Companies Were Single Employer

The Ninth Circuit upheld the lower court’s ruling and damages award. The court explained WARN bars employers with 100 or more full-time employees from ordering a plant closing (displacing 50 or more employees in a 30-day period) until the employer provides affected employees or their representative with 60 days’ advance notice.

The court based its finding that DLI and BRC qualified under WARN as a single employer on the following: 1) the companies had common ownership in that they owned each other’s stock; 2) the companies shared directors and officers; 3) DLI management exercised significant control over BRC operations; and 4) BRC’s operations were very dependent on DLI, as more than 90 percent of BRC’s activities and revenues came from DLI.

Notice Exception Didn’t Apply

The court also rejected the companies’ argument that they were exempt from having to give notice under WARN because the financial events necessitating the layoffs were sudden and couldn’t be predicted. The court said the plant closure was indeed foreseeable, as it was caused by a variety of factors—including a depressed lumber market, increased cost of raw materials, and getting rejected for a line of credit—that accumulated over time. Thus, there was sufficient warning of the impending financial crisis to provide employees with 60 days’ notice.

Impact of Case

This case demonstrates that two or more companies that wouldn’t independently meet the threshold number of employees for WARN coverage may still have to comply if they qualify as a single employer.
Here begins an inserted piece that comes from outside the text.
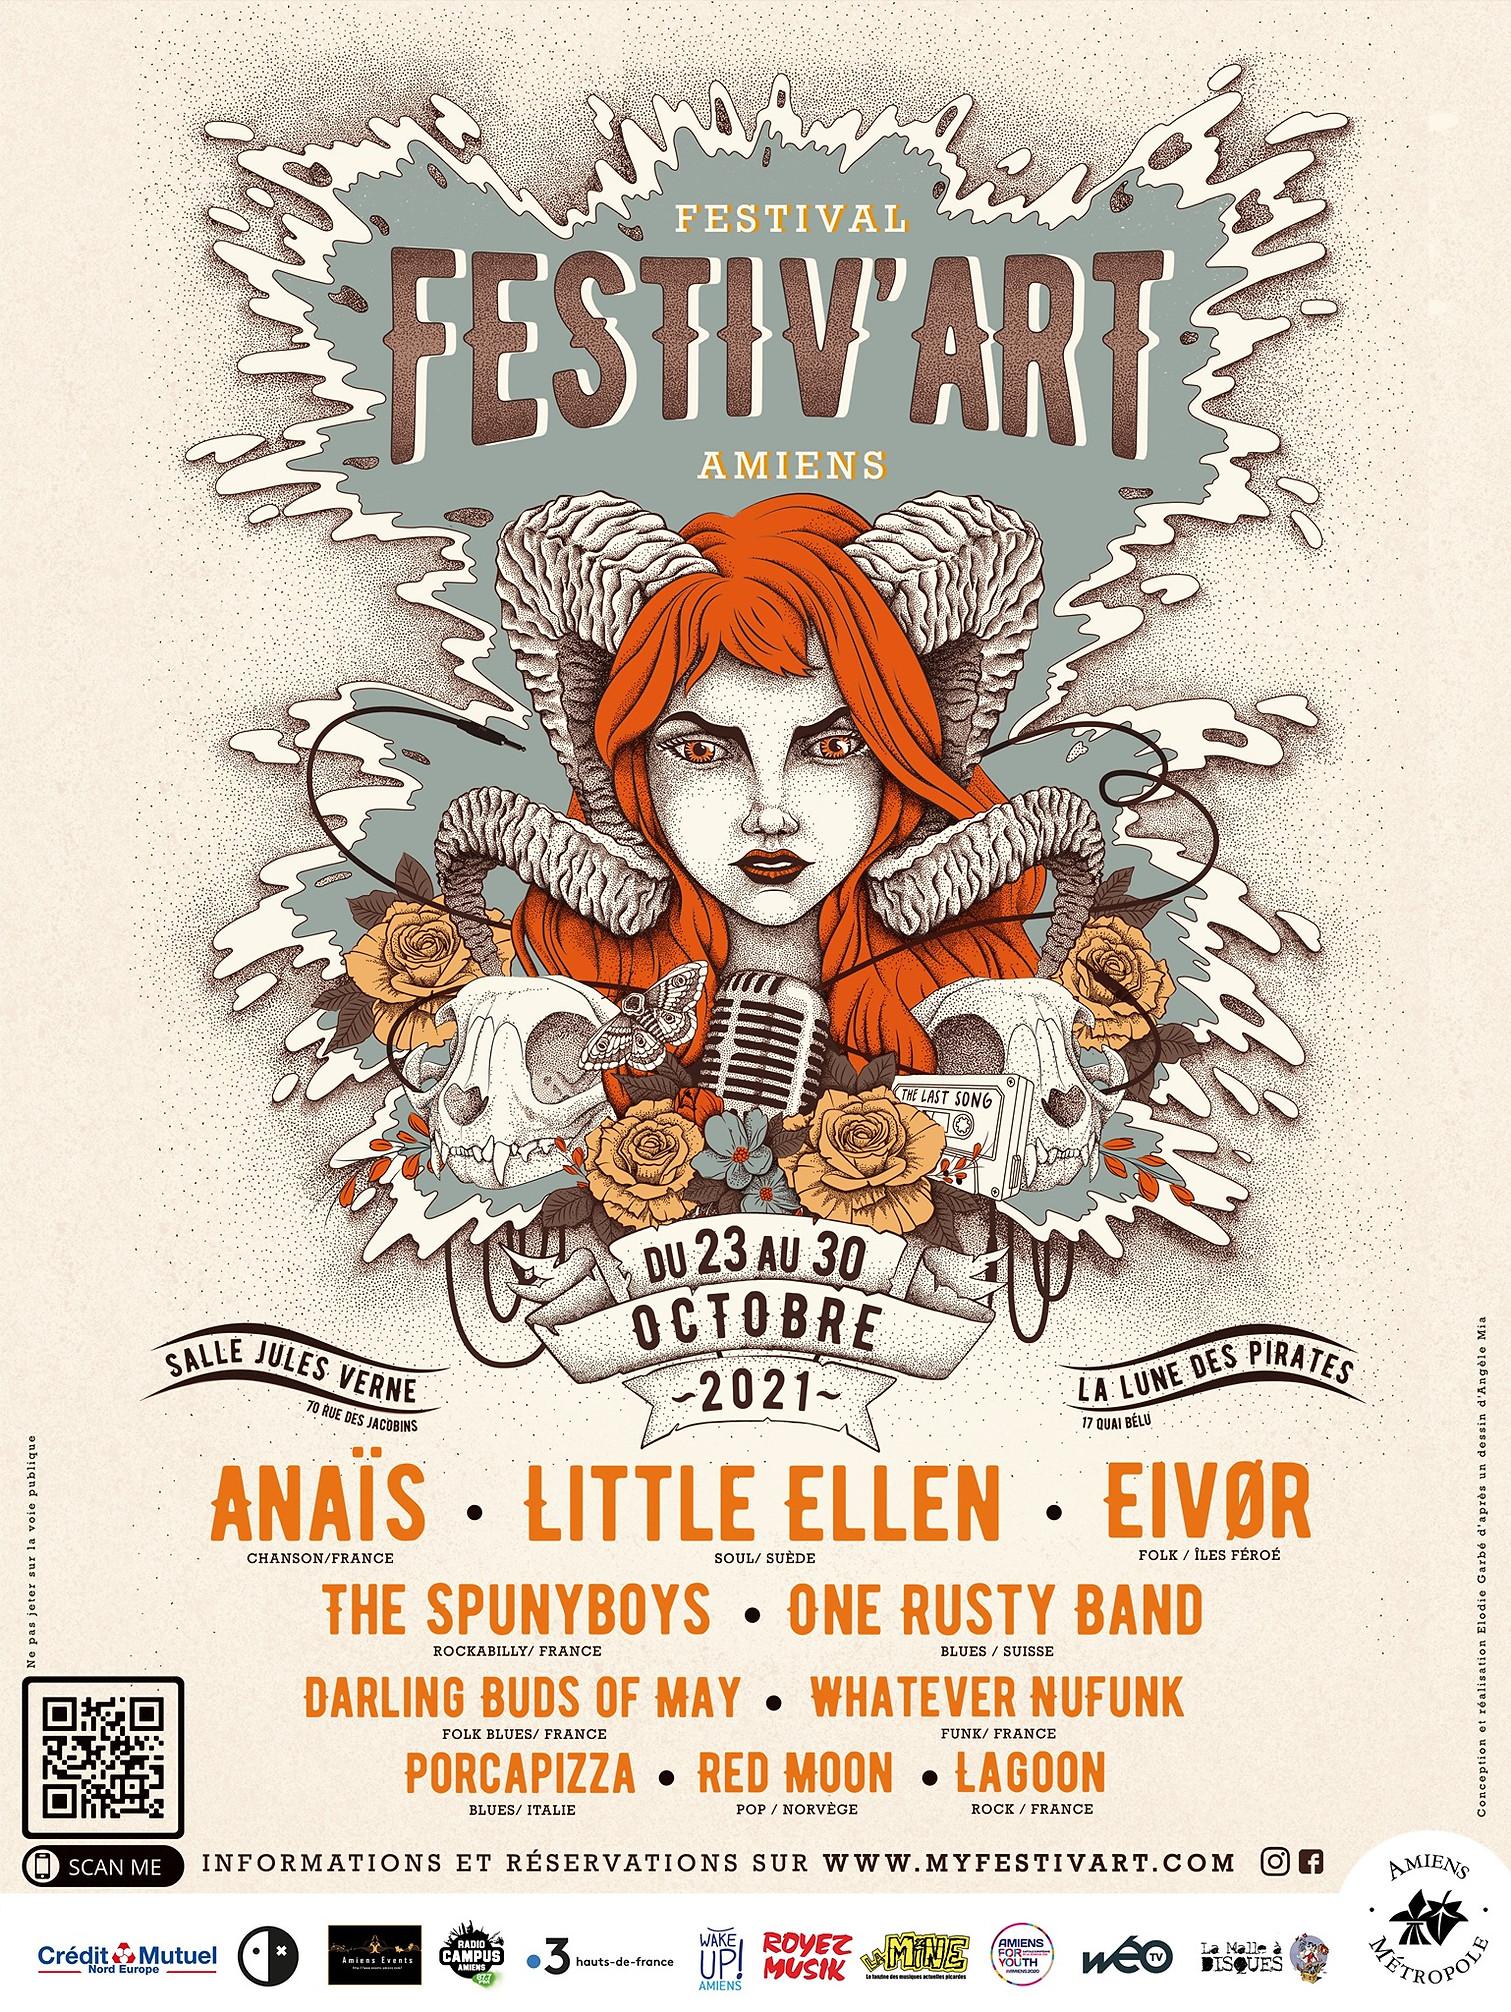 affiche festival festivart Amiens 2021.jpg

What’s more, keep in mind that as of last year, California has its own, stricter version of WARN. Cal/WARN’s layoff notice rules apply if you have just 75 employees. Plus, Cal/WARN does not include an exception for unforeseen business circumstances. Covered employers are exempt from giving 60 days’ layoff notice only under narrow circumstances, such as when there’s been an act of war or physical calamity or when the employer was actively seeking capital or business that would have enabled them to avoid or postpone relocations or terminations.